The 22-year-old senior died Aug. 28, 2011, nearly a week after he collapsed at a practice at Frostburg State University, where he was a fullback.

It was later determined that a helmet-to-helmet hit contributed to Sheeley’s death, ESPN.com reported. His mother told Patch that he suffered from what is known as second impact syndrome. He already had a concussion before the helmet-to-helmet blow.

“In my heart I don’t think he played through a concussion,” Kristen Sheely said. “I don’t think he knew he had one.”

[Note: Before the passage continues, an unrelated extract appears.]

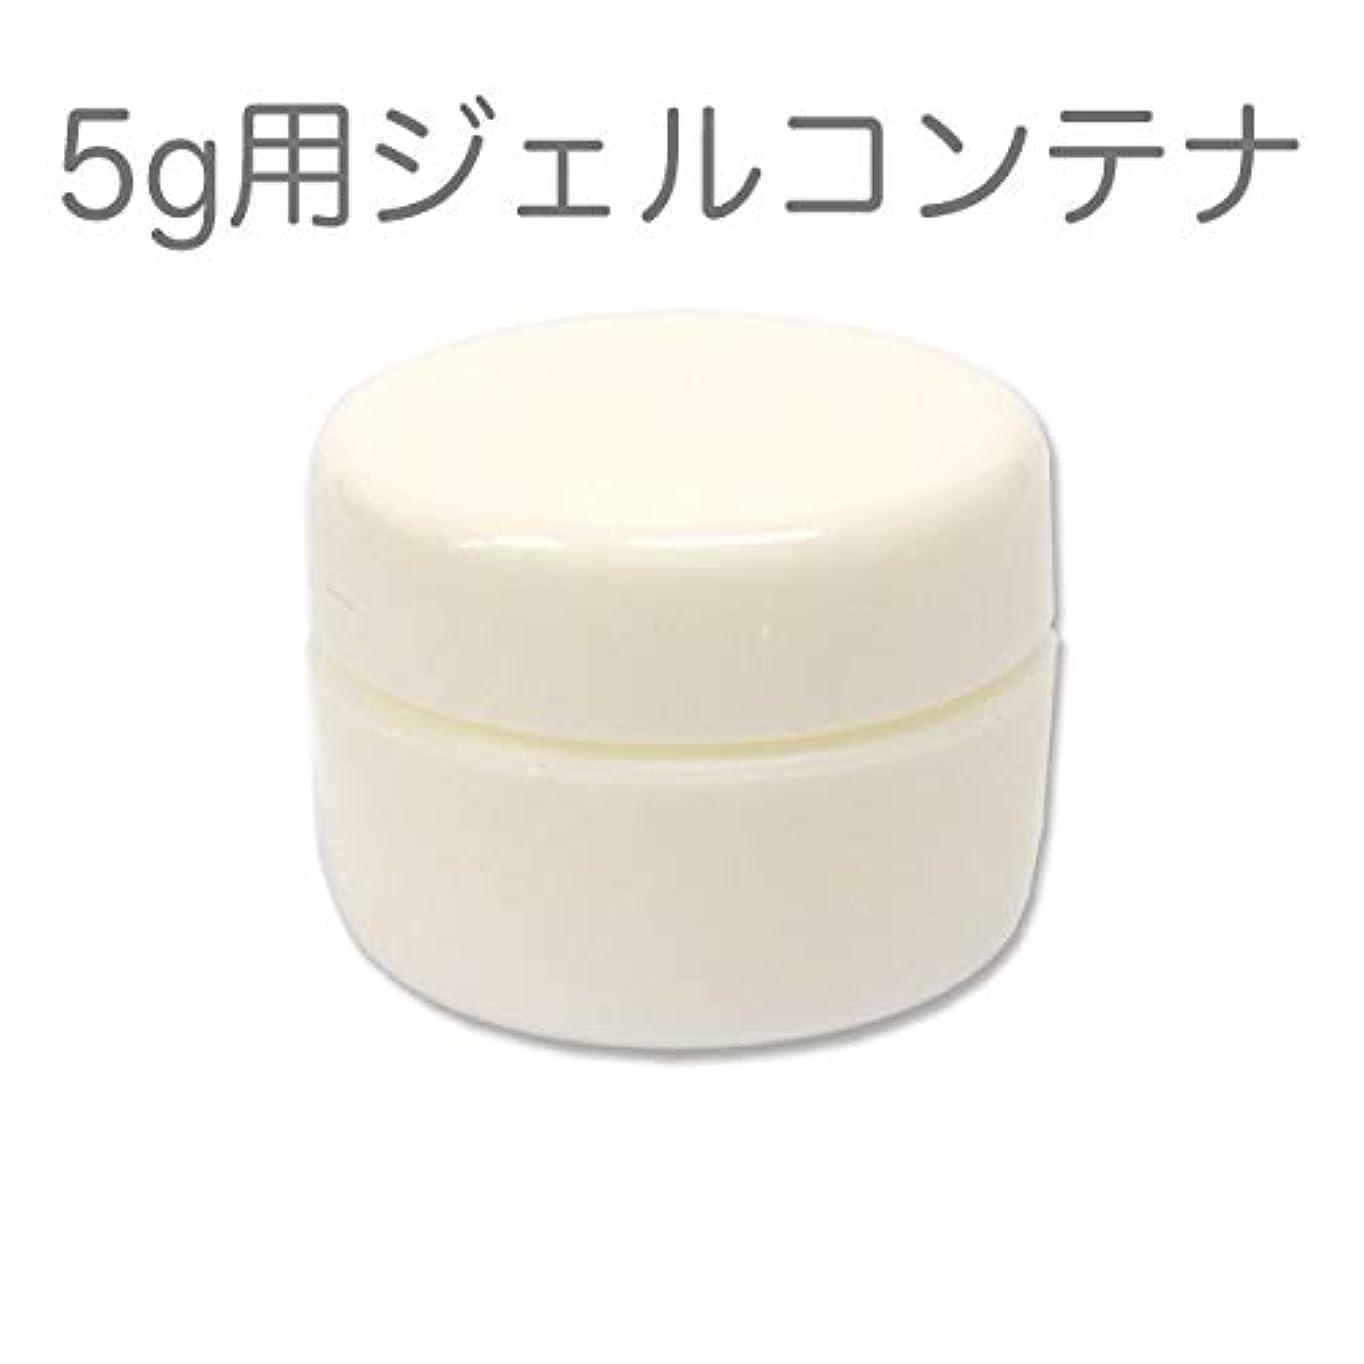 筋肉のピルファー最大10個セット ジェルネイル用スペアコンテナ 容量5g ホワイト 蓋裏に漏れ防止パッキン付き

According to his mother, Derek Sheely was “in the best shape of his life.” He wanted to work for the CIA after he graduated. 

Kristen Sheely said her son was tough, but he wasn’t the type of athlete who’d play through a serious injury. She said he had never had any reported concussions.

The family got the call their son was in the hospital during breakfast the morning after they drove their daughter Keyton Sheely to Penn State to start her freshman year.

“This just isn’t supposed to happen,” his mother said. “We always hear that in time it will heal, but time makes it worse. The distance grows between now and the time we were with him.”

Kristen Sheely said the family has been working with researchers at Penn State and Frostburg to create a case study for what happened to Derek. Saturday’s race is part of a broader effort to raise awareness about concussions and other forms of traumatic brain injuries.

But it’s only a part of the work, she said.

Not only should athletes know the symptoms of brain injuries, she said, they’ve also got to recognize the consequences.

“Maybe there can be some lessons learned so that it won’t happen again,” Sheely said.